Environmental conditions may also directly affect the expression of the morphological, physiological, or performance traits of an individual or genotype—thus traits are not fixed but are phenotypically plastic. Arnold (1983) notes that behavior, ontogeny, and environmental variation may complicate the relationship of performance to fitness; and he proposes modifications to his approach to deal with these issues. Not surprisingly, these issues have become a major focus of the studies represented here; and they emphasize the complex interconnections among environment, performance and fitness.
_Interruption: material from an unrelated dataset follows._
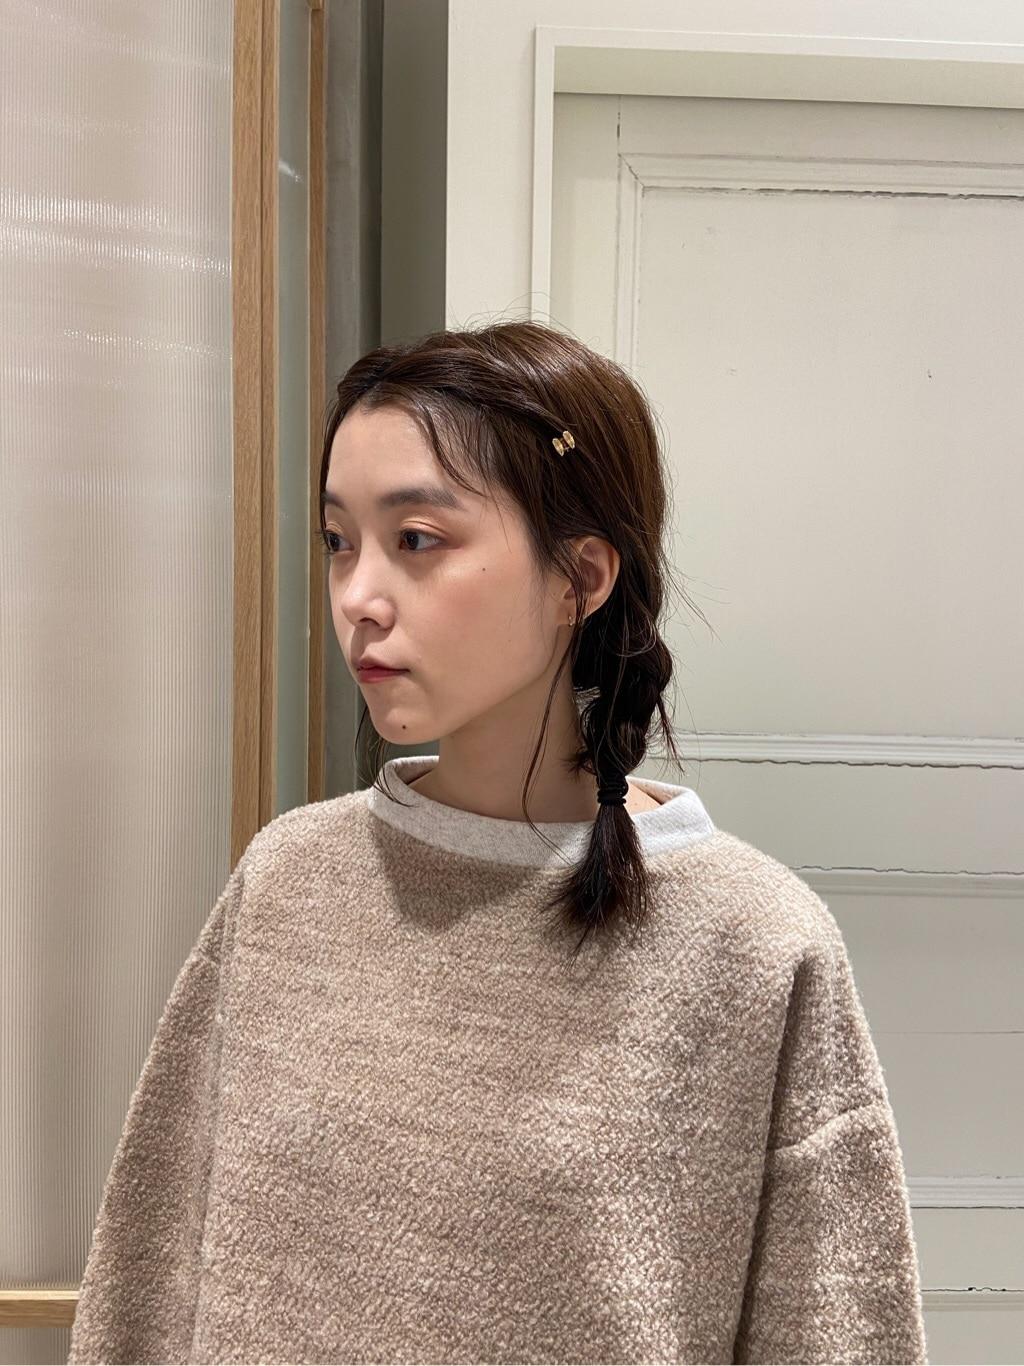 bulle de savon 渋谷スクランブルスクエア 身長:153cm 2020.11.17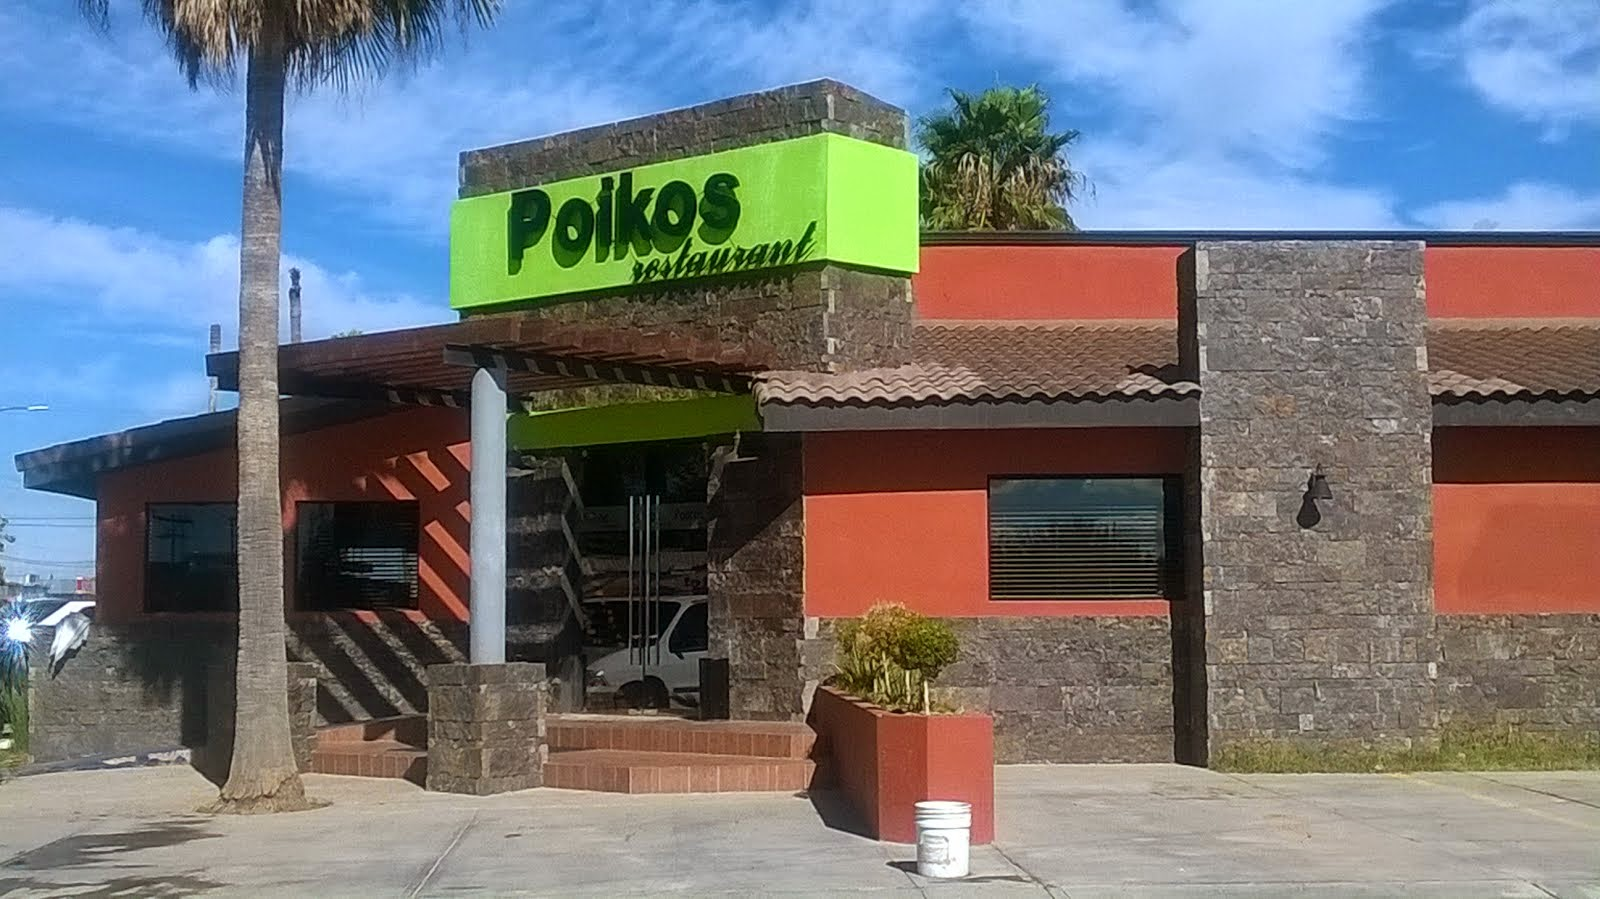 Poikos Restaurant

The relationship between the phenotype value of an individual or genotype and environmental conditions is called a "reaction norm." The environment may alter morphological traits that influence performance, or may impact performance directly. Many of the studies in this volume explore selection and evolution of performance in the context of reaction norms. For example, Schmitt et al. (this volume) demonstrate how the ratio of red:far-red light impacts growth and stem elongation in plants, thereby affecting the competitive performance of different genotypes in different light environments. Wikelski and Romero (this volume) show how the thermal environment of marine iguanas affects body size, which in turn impacts many aspects of performance and fitness. Kingsolver and Gomulkiewicz (this volume) and Podolsky (this volume) illustrate how growth, development and reproductive performance in terrestrial insects and intertidal gastropods varies with environmental temperatures, over time scales ranging from hours to days. Lee et al. (this volume) document high levels of genetic variation in reaction norms for salinity in populations of copepods.
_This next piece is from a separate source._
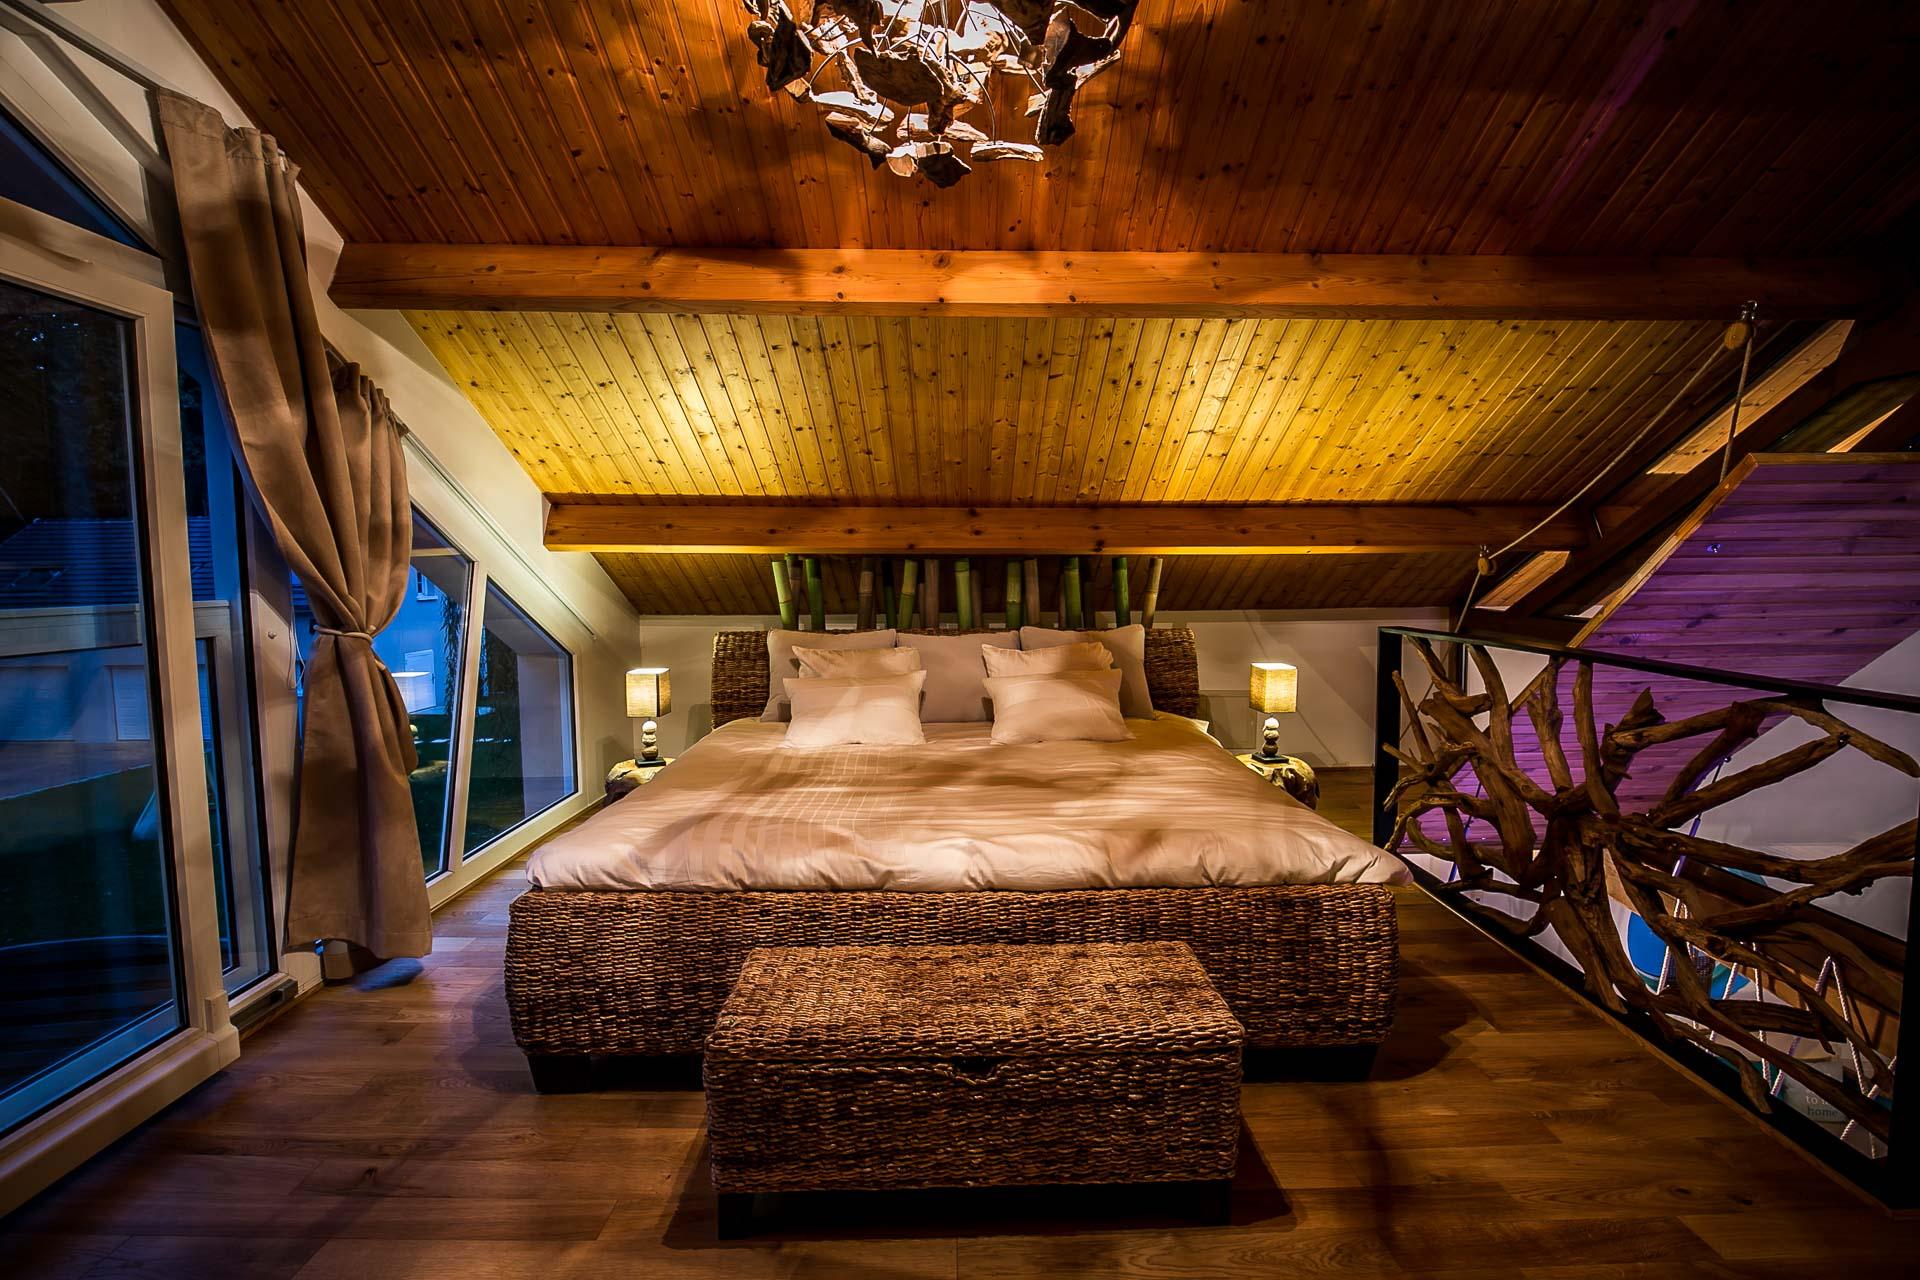 La chambre escale tahiti - Chambre des notaires val d oise ...

Environmental conditions can also impact the relationship between performance and fitness. For example, Kingsolver and Gomulkiewicz (this volume) and Schmitt et al. (this volume) use models and empirical studies to explore how the frequency distribution of environmental conditions determines the strength of selection on reaction norms, including performance.
These studies illustrate that behavior and environment are integral parts of the impact of performance on fitness of organisms in nature. Many important aspects of performance represent continuous reaction norms that serve as excellent systems for studying selection and evolution of developmental and physiological plasticity. Our mechanistic understanding of light responses in plants and of thermal responses of ectotherms is aiding development of new theoretical models connecting environmental variation, performance and selection.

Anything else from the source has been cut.